Description of the task:
Would you set down the data that follows, word for word, without any pictures?

Available data:
☆ ☆ ☆ ☆ ☆ ☆ ☆

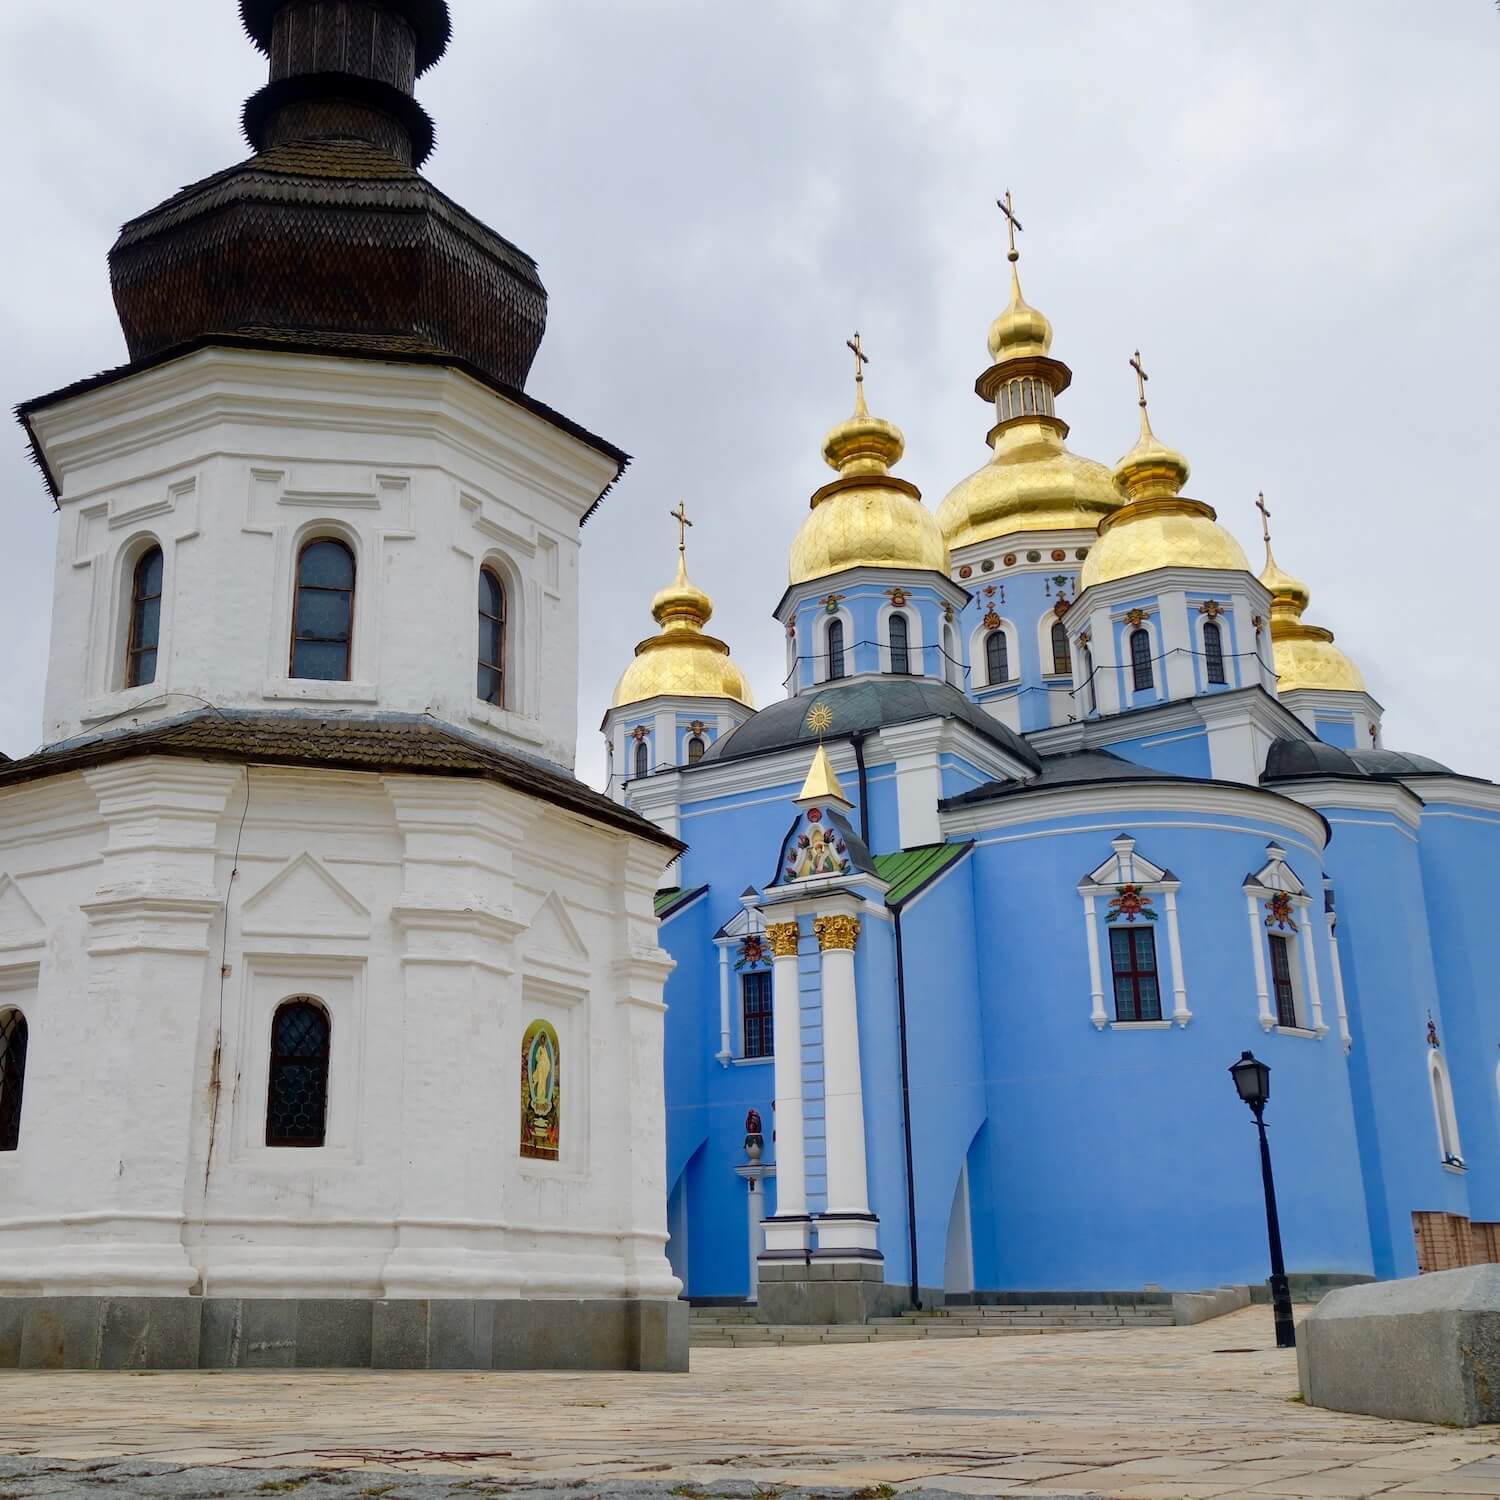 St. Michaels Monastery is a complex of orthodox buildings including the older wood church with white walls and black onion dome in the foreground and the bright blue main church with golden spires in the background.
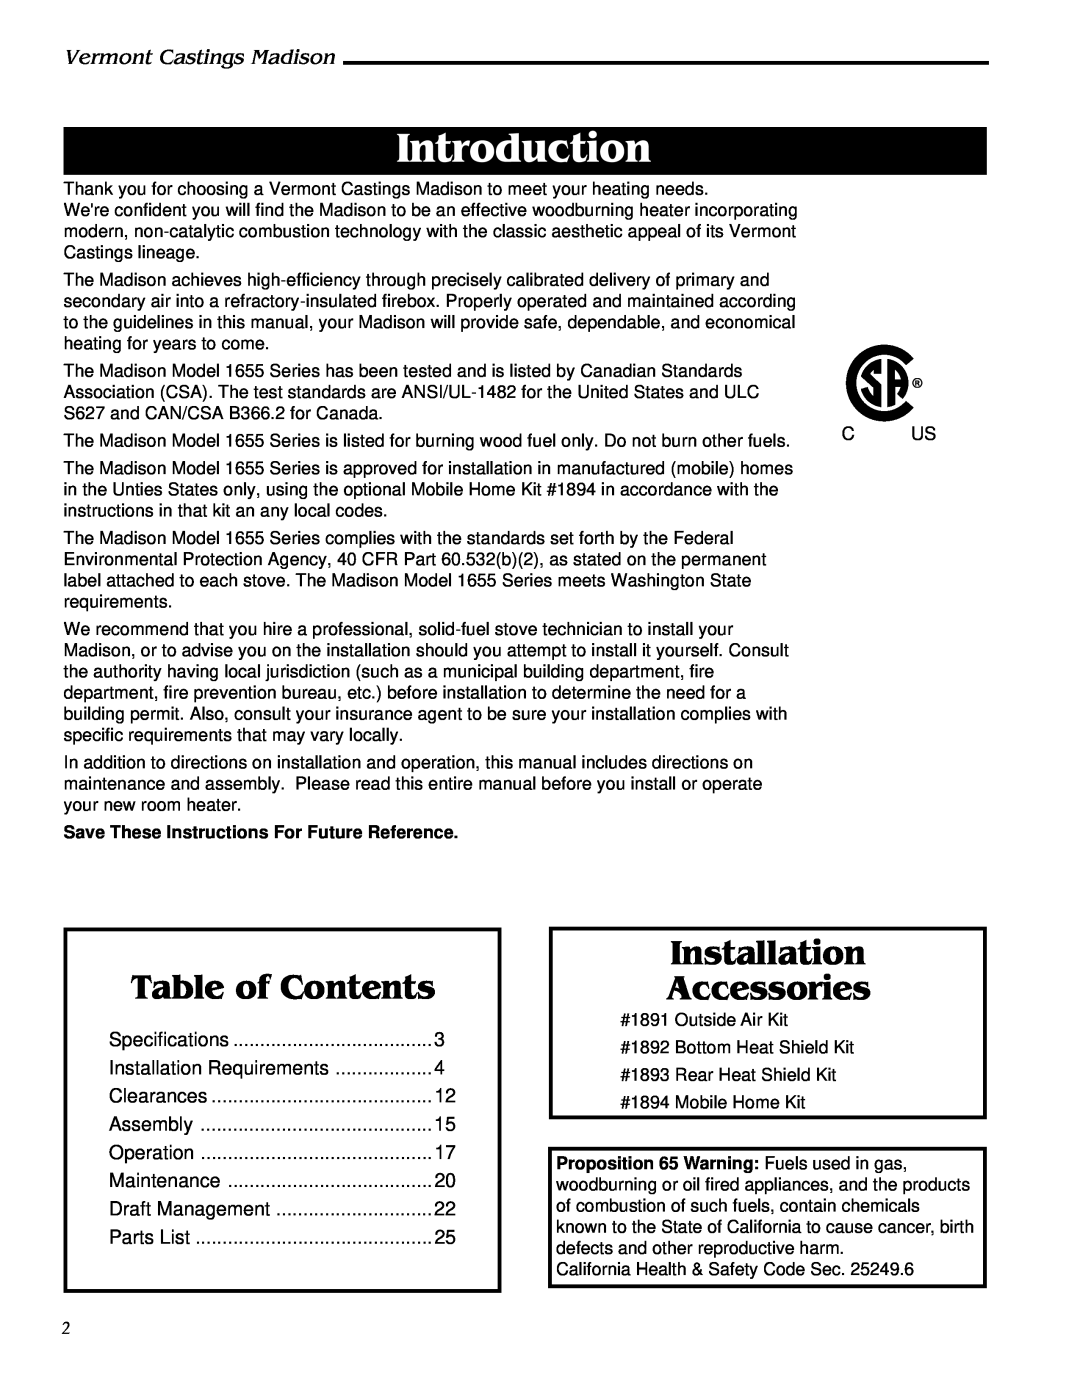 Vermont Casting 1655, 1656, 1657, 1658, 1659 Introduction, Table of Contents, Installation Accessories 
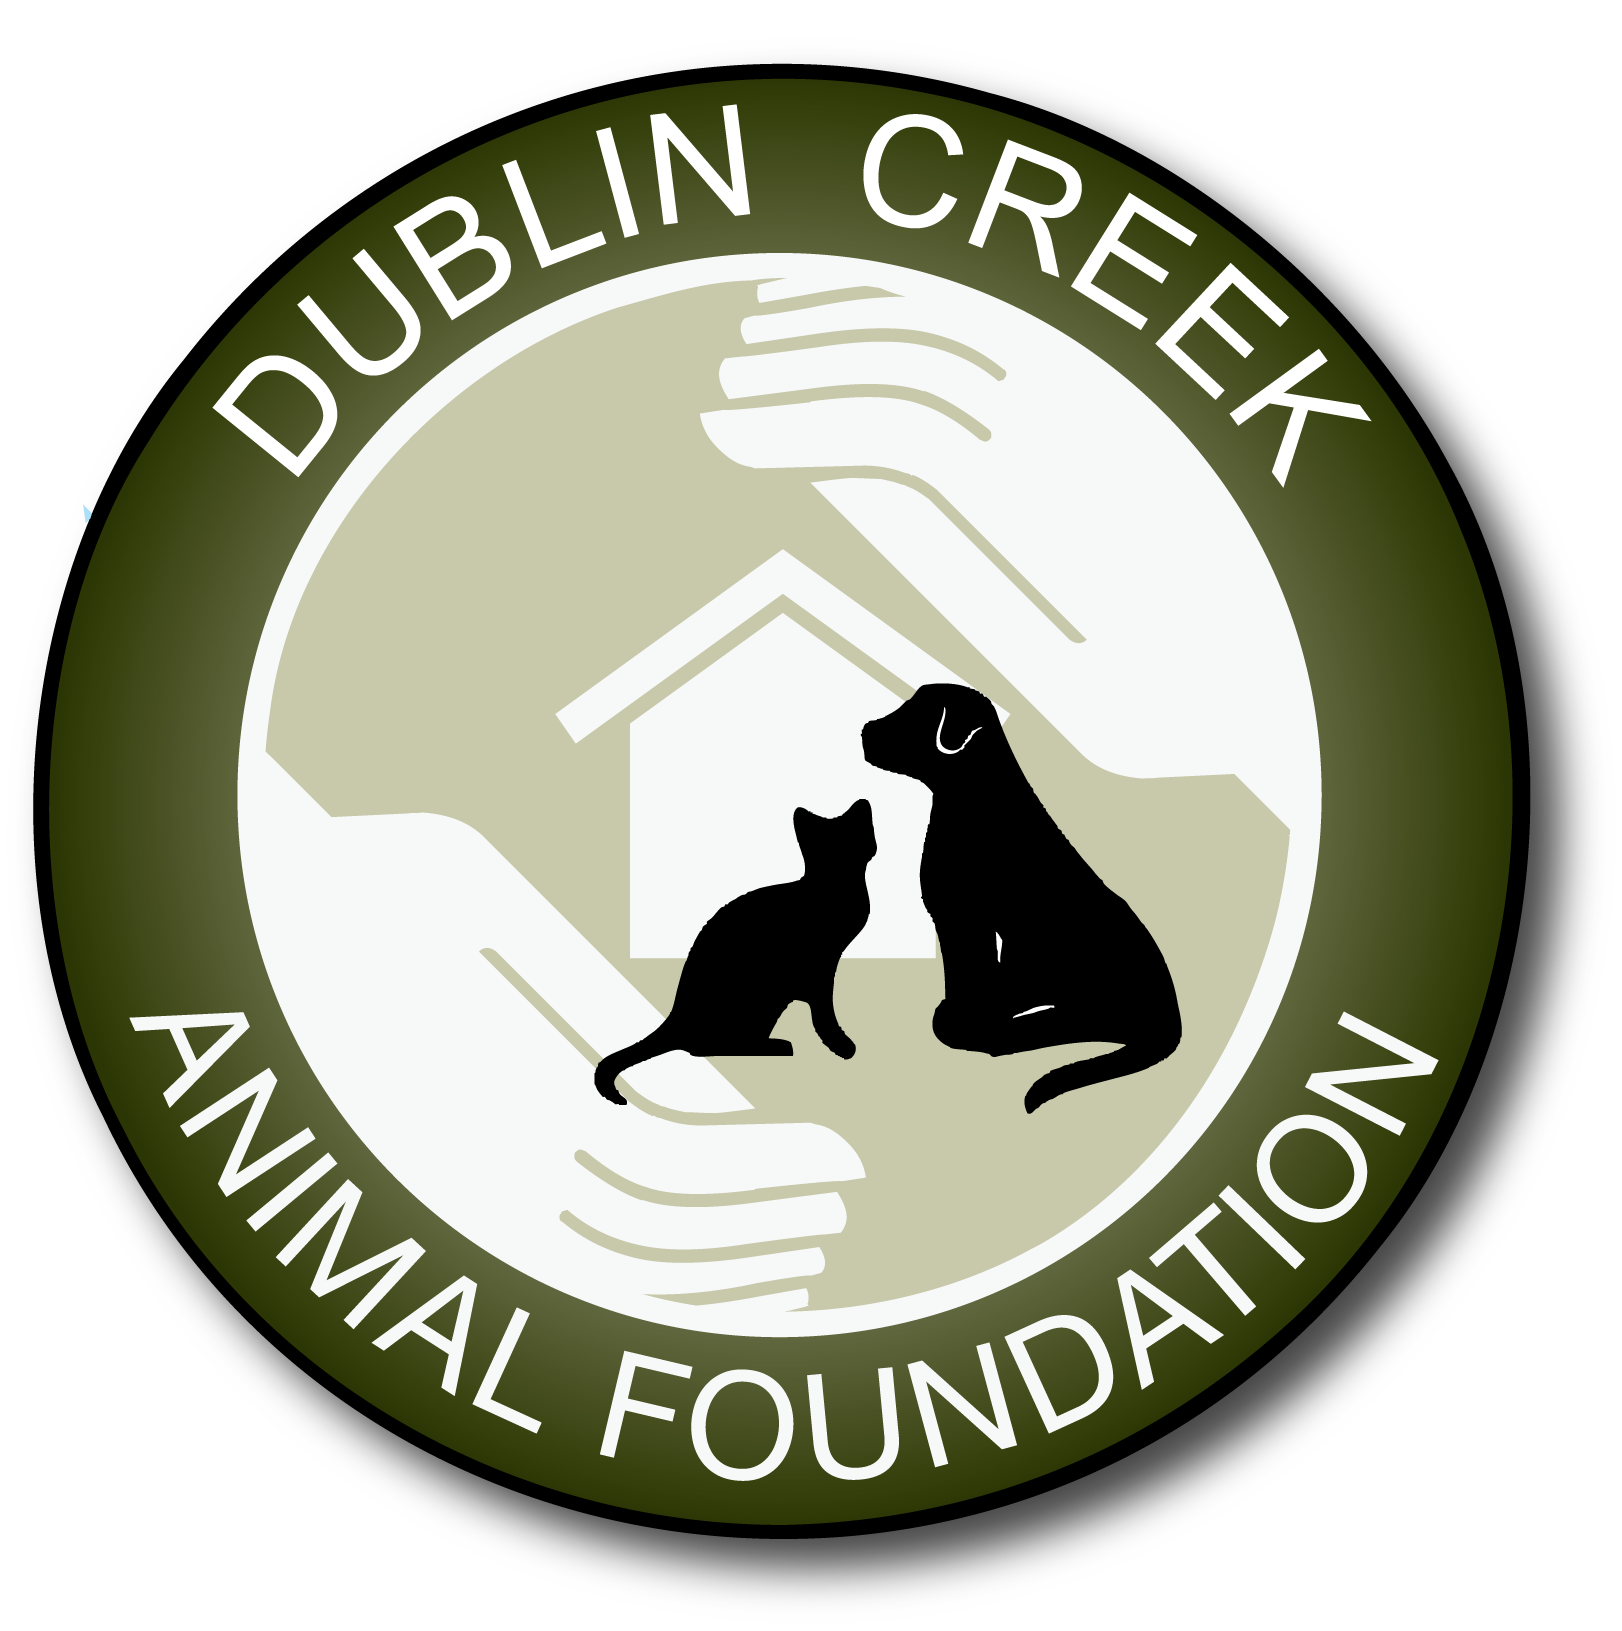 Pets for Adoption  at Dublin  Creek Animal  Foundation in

☆ ☆ ☆ ☆ ☆ ☆ ☆

Output:
 St. Michaels Monastery is a complex of orthodox buildings including the older wood church with white walls and black onion dome in the foreground and the bright blue main church with golden spires in the background.
 Vermont Casting 1655, 1656, 1657, 1658, 1659 Introduction, Table of Contents, Installation Accessories 
 Pets for Adoption  at Dublin  Creek Animal  Foundation in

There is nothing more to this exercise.